◆ TRY IT
In the entries below, find the line containing "jasira manchester wedding" and the line containing "ELECTRIC HEDGE TR...の未再生の波形". Copy those two lines and everything between them exactly, and only that.

◆ DATA TO PROCESS

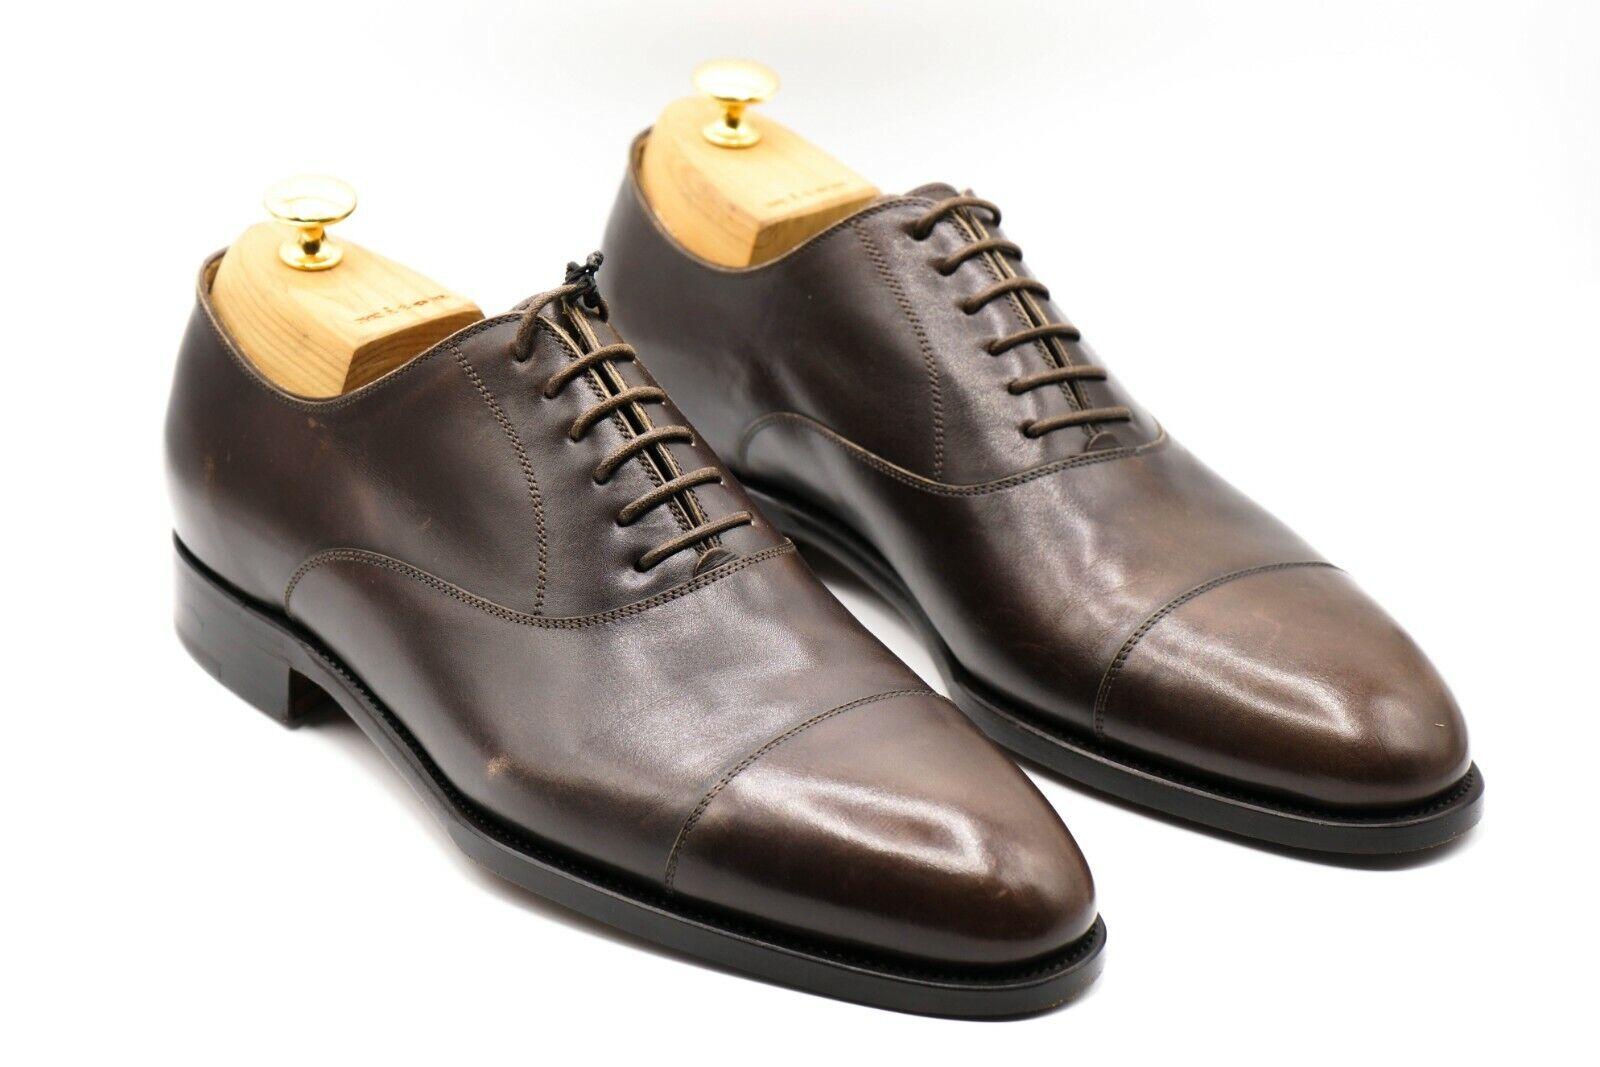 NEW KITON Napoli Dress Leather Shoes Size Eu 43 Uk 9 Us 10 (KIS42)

--

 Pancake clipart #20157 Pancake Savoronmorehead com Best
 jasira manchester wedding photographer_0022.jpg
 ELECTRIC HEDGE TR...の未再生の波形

...

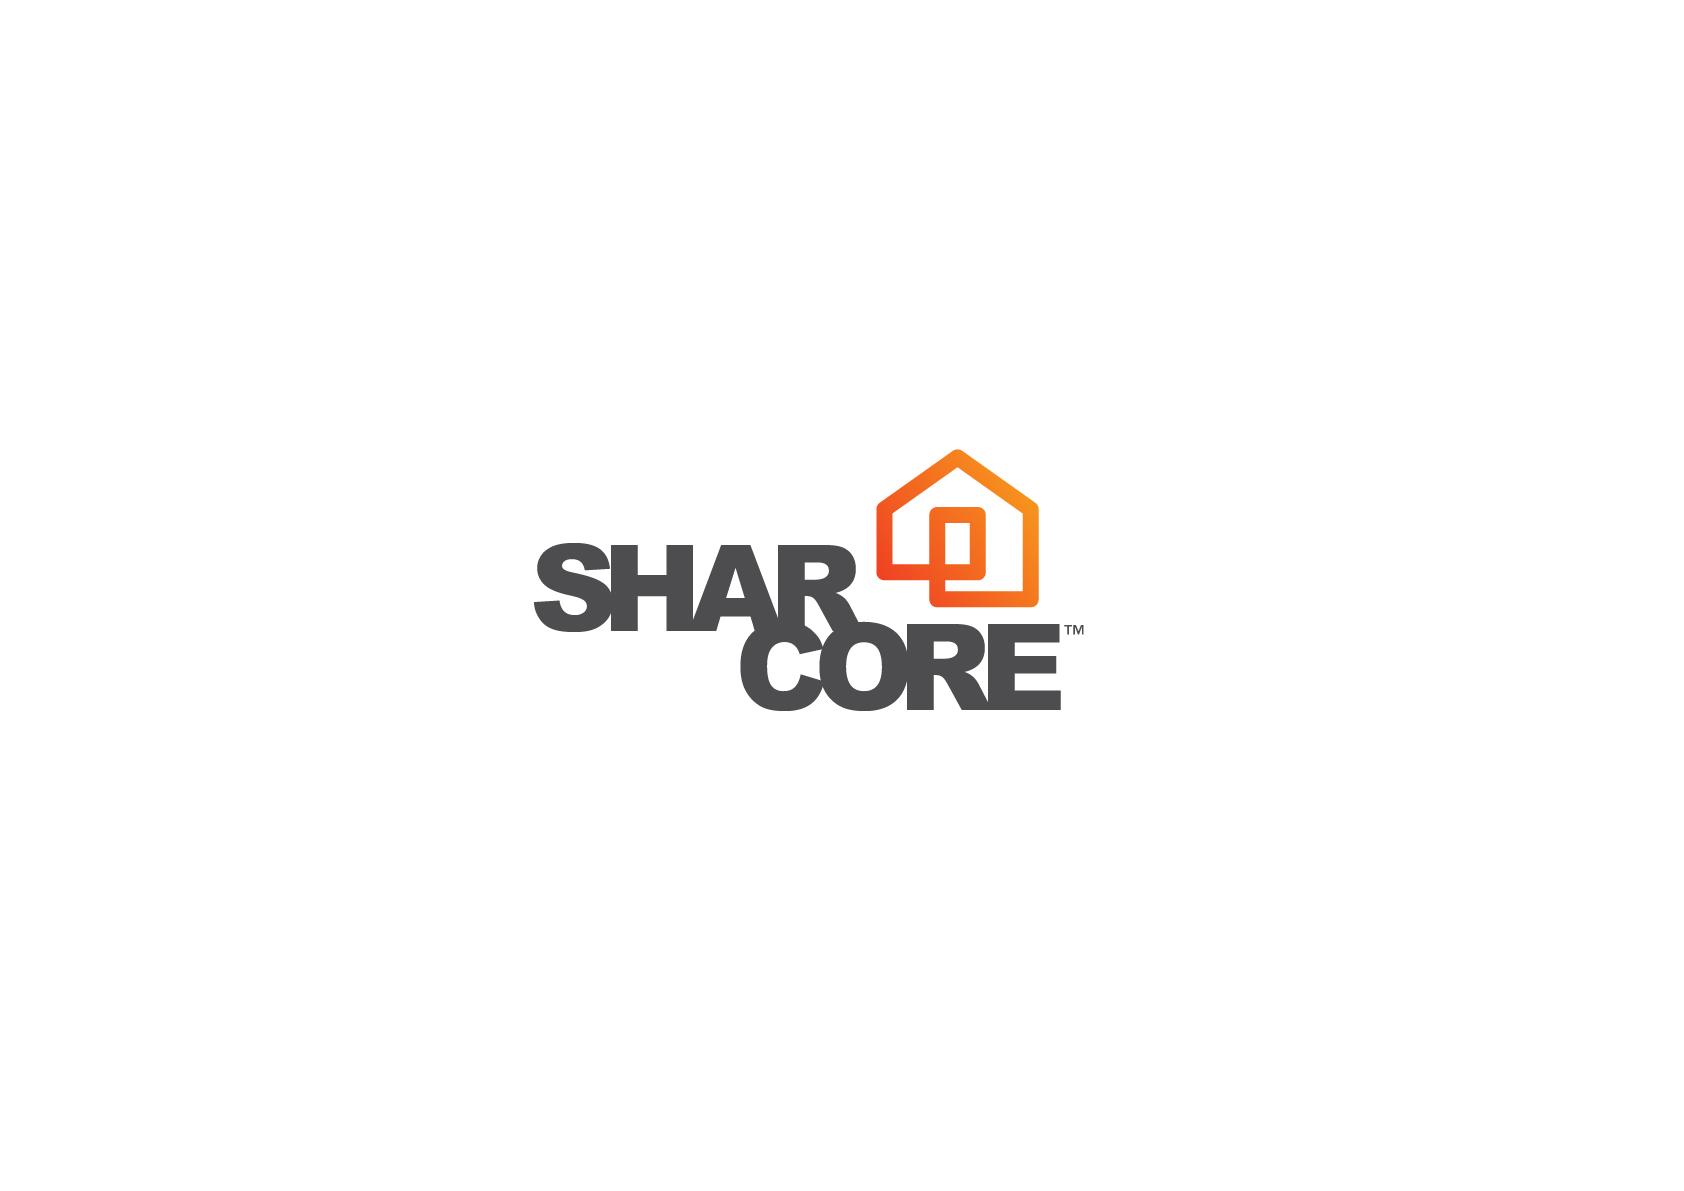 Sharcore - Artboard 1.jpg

◆ YOUR SOLUTION
 jasira manchester wedding photographer_0022.jpg
 ELECTRIC HEDGE TR...の未再生の波形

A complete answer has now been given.